Initiated in 1997–98, the Castrol Awards for Cricketing Excellence recognizes outstanding performances by Indian cricketers - past, present and future.

Awards

2011-2007

2006-2002

2001-1998

Special awards

 2010
Rahul Dravid – Highest number of catches in Test matches

Yusuf Pathan – Impact Cricketer

Awarding Methodology

Castrol Indian Cricketer of the Year Award

The winner is selected through a process that has two stages.

In the first stage, performances by Indians in Tests and one-day internationals in the Castrol Cricket Year are rated in the following categories:
Aggregate - Tests / ODIs; Wickets - Tests / ODIs; Batting average – Tests / ODIs; Bowling average - Tests / ODIs; Catches taken - Tests / ODIs.
Points are then allotted to each player in each of the categories in descending order. Thus, the highest scorer in tests gets 10 points, the second-highest gets 9 points, the third-highest gets 8 and so on. Similarly, the highest scorer in one-day internationals gets 10 points, the second highest gets 9 and so on. The same holds for the other categories.

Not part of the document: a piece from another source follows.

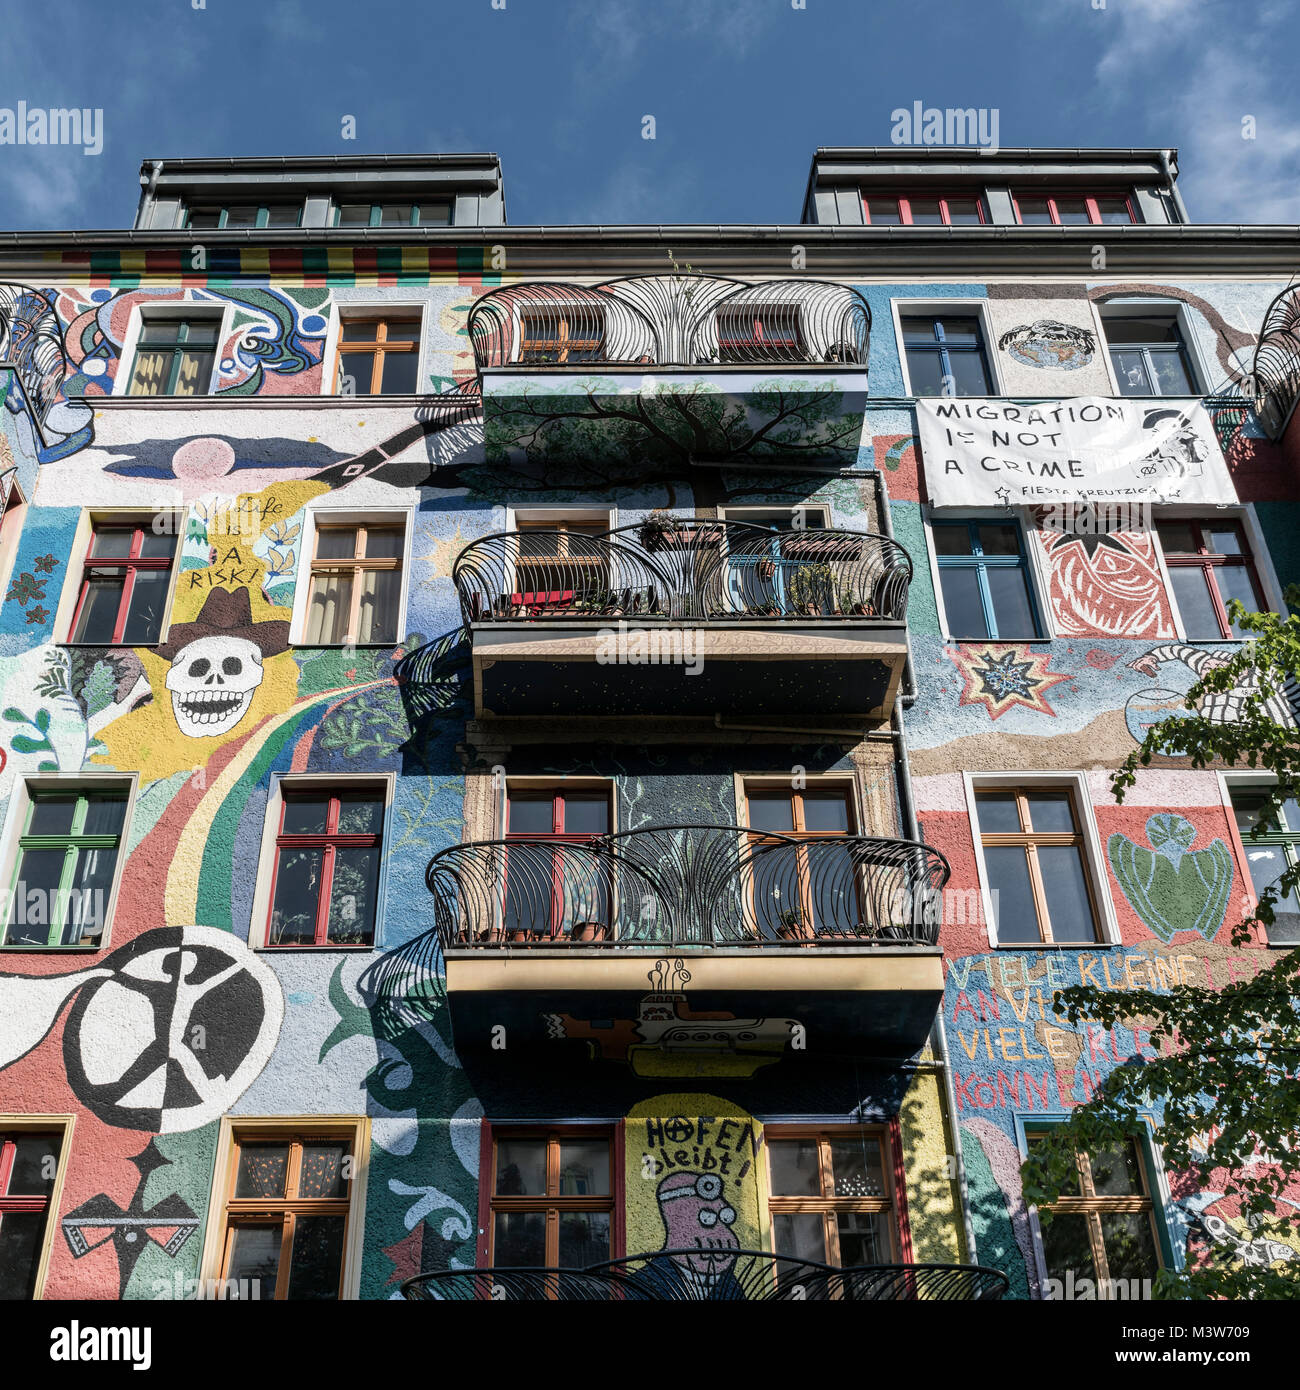 Wandmalerei stock photos wandmalerei stock images alamy - Wandmalerei berlin ...

At the end of the Castrol Year, the aggregate of the points gained by every player in all ten categories is computed and the players with the top five aggregates are declared the nominees for the Castrol Indian Cricketer of the Year Award.

In the second stage, a 'ballot form' comprising the names of the five nominees and a summary of their performances in tests and one-day internationals (with stats) is sent to all the living cricketers who have represented India in at least one test or five one-day internationals. They are asked to 'vote' for one of the five nominees and the player who receives the highest number of votes is declared the winner. The voting is by secret ballot and is monitored by Professional Management Group.

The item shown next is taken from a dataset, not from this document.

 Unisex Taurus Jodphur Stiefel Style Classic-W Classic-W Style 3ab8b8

This award is not at all related to any kind of monitory gain for cricketers. But it confirms the brand value of them, just like any other prestigious awards. In 2010 and 2011, Sachin Tendulkar and MS Dhoni received the Castrol Indian cricketer of the year awards. These reputation and great performance increased their earnings. Still both of them are listed as the top 10 richest cricketers in the world.

Castrol Junior Cricketer of the Year

Performances of under-19 cricketers in under-19 / under-17 / under-15 level tournaments in the CASTROL Year are taken into account, as also performances in the Ranji Trophy by cricketers from this age-group. Maximum weightage is given to cricketers who have represented India in international junior-level tournaments like the Under-19 World Cup / Asia Cup or have been part of the India 'A' team on overseas tours.

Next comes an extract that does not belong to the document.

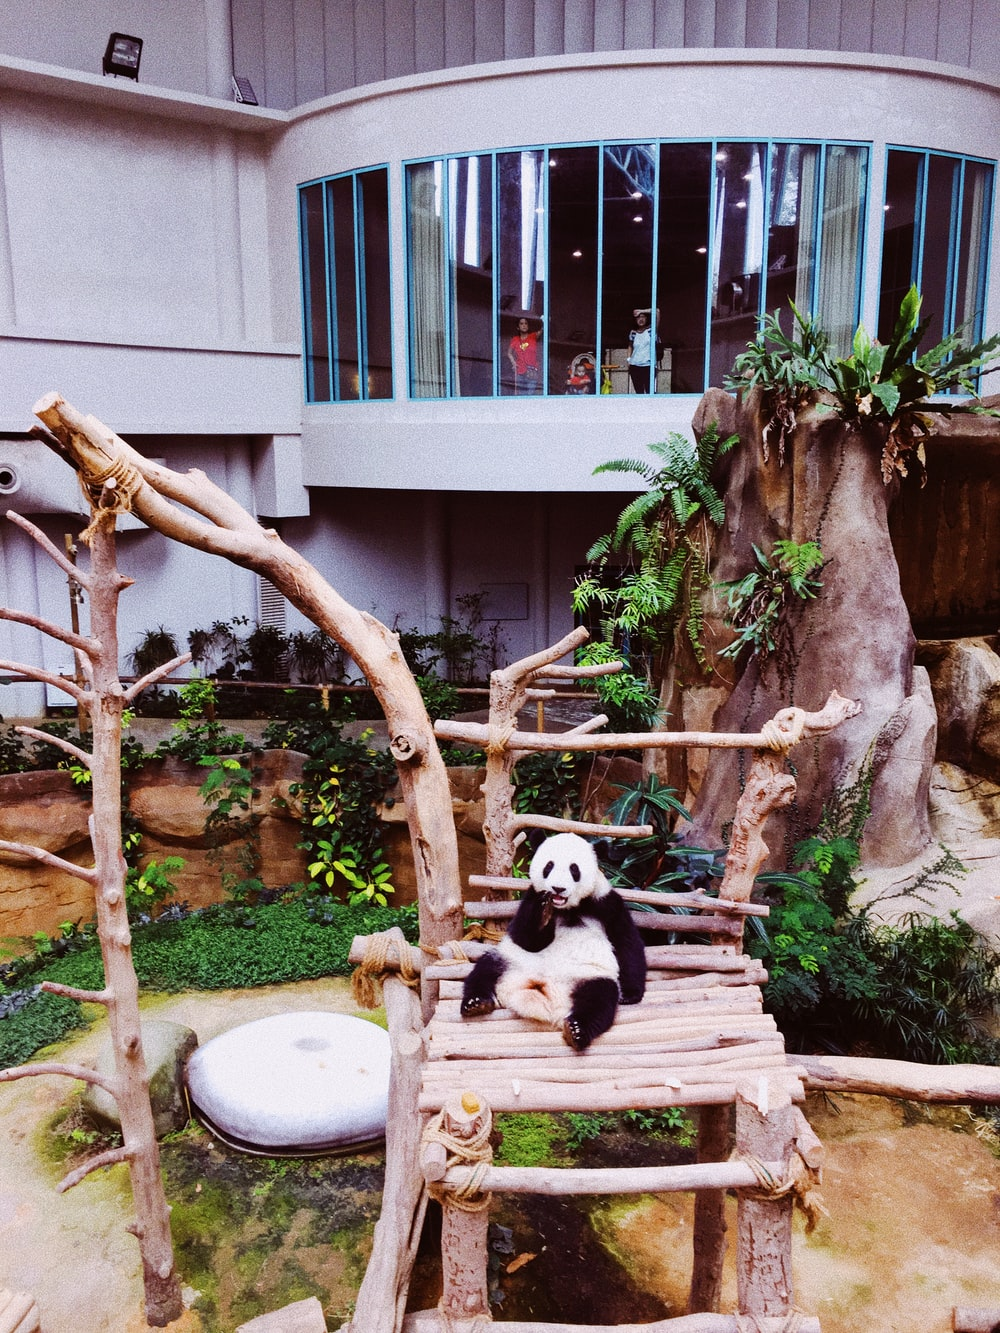 panda cub on wooden chair

Performances are scrutinized and a list of 15 players is sent to a panel of judges who have been associated with junior cricket. They are asked to recommend five nominees for the award and then pick one from among the five whom they feel deserves the award the most.

Lifetime achievement award

This award is presented to a personality who has brought laurels to Indian cricket with consistent and outstanding performances that earned him the adulation of the countrymen and respect of his opponents.